EXERCISE REQUIREMENTS: Only the line containing "Julia Child 😊" and the lines after it, up to the end of the listing, should be written out, each exactly as given.

DATA SEGMENT:

=== Section Start ===

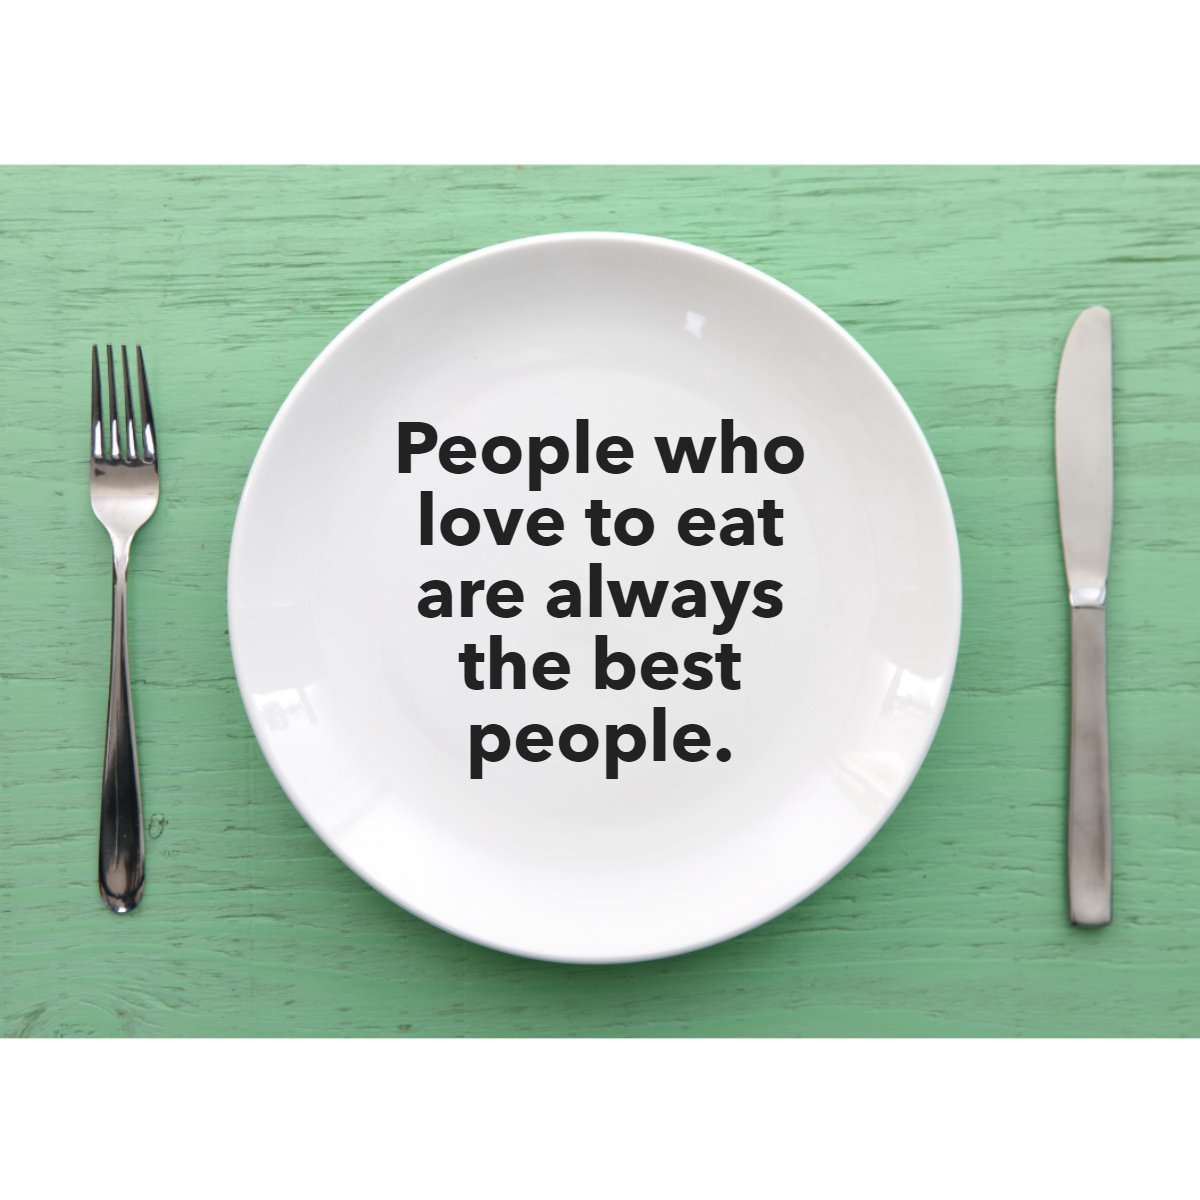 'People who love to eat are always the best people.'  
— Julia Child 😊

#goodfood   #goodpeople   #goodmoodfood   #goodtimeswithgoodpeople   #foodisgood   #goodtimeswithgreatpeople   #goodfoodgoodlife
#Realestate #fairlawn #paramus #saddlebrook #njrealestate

=== Section End ===

SOLVED PROBLEM:
— Julia Child 😊

#goodfood   #goodpeople   #goodmoodfood   #goodtimeswithgoodpeople   #foodisgood   #goodtimeswithgreatpeople   #goodfoodgoodlife
#Realestate #fairlawn #paramus #saddlebrook #njrealestate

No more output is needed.